▶ _BRIEF_:
In the records below, find the line that contains "Mammut Race to Net Zero" and the line that contains "Panoramabild des Parlamentgebäudes"; write out exactly those two lines and everything between them, without the pictures.

======== INPUT DATA

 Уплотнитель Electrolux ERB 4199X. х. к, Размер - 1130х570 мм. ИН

================
======== INPUT DATA

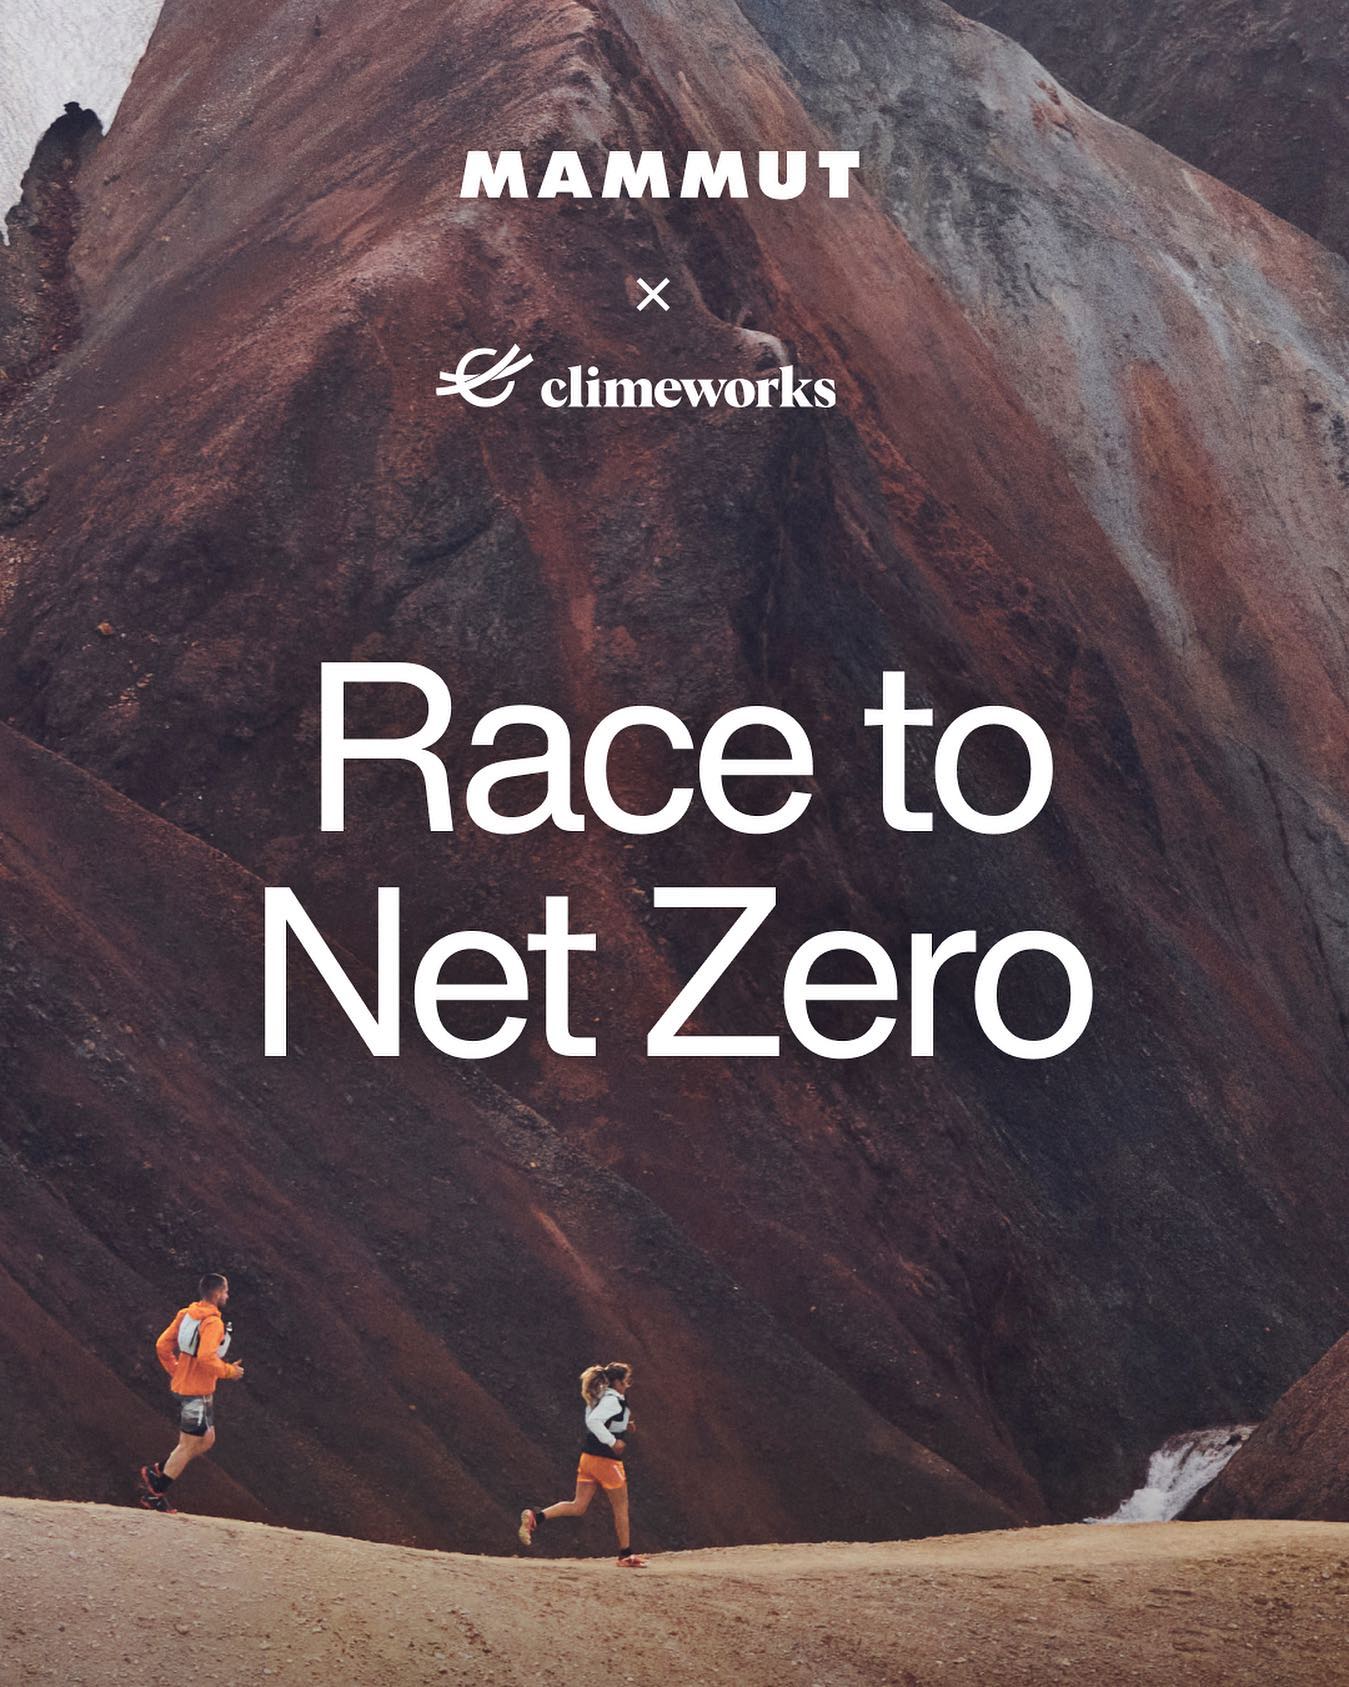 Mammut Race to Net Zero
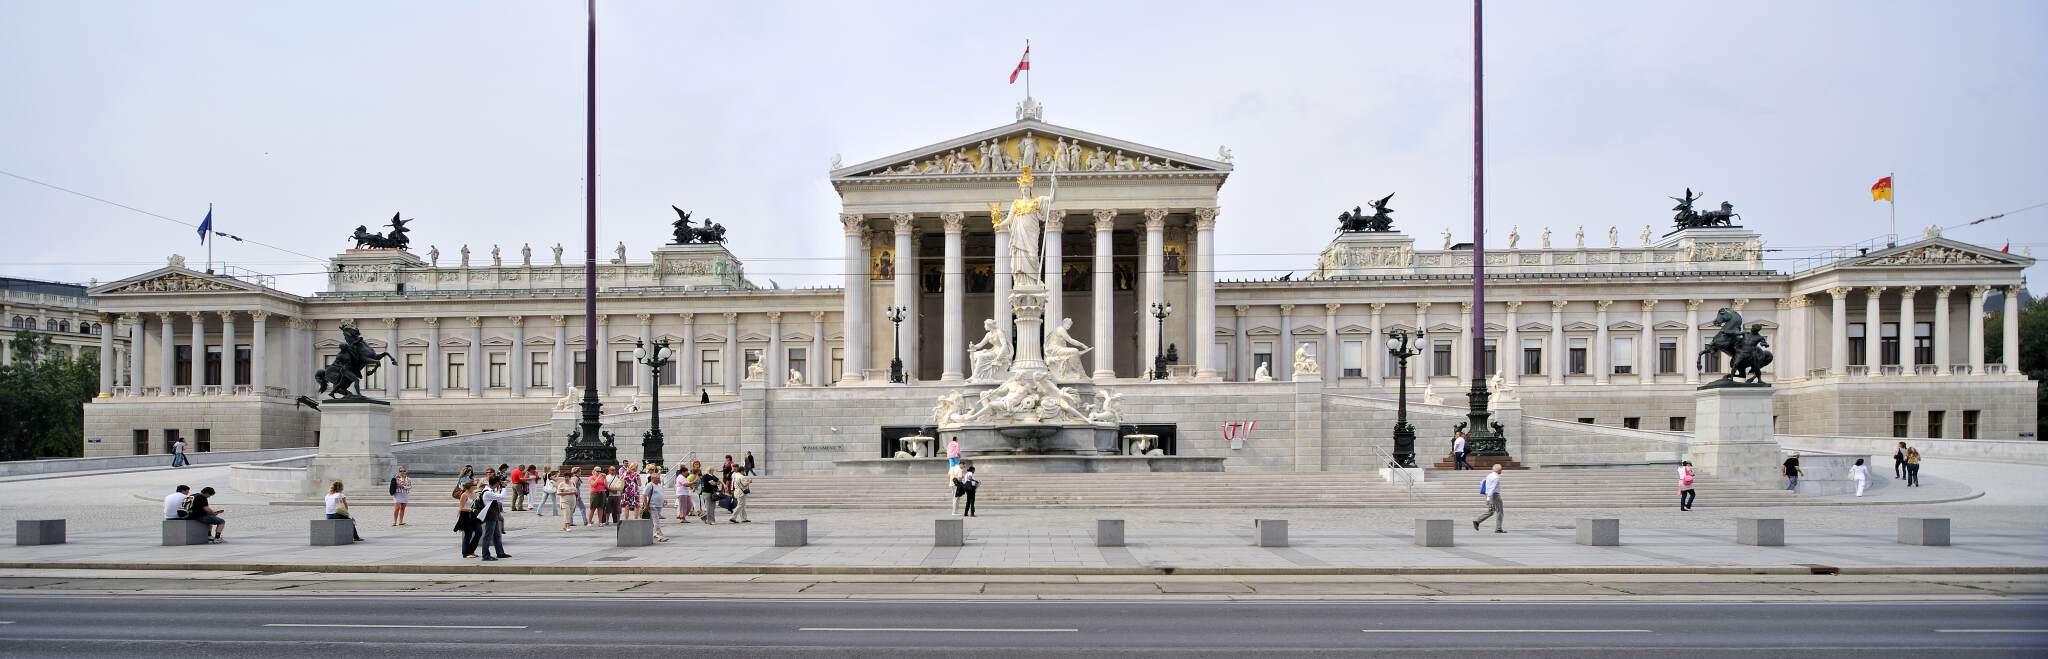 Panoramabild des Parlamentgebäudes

================

▶ _SOLUTION FOR THIS EXERCISE_:
 Mammut Race to Net Zero
 Panoramabild des Parlamentgebäudes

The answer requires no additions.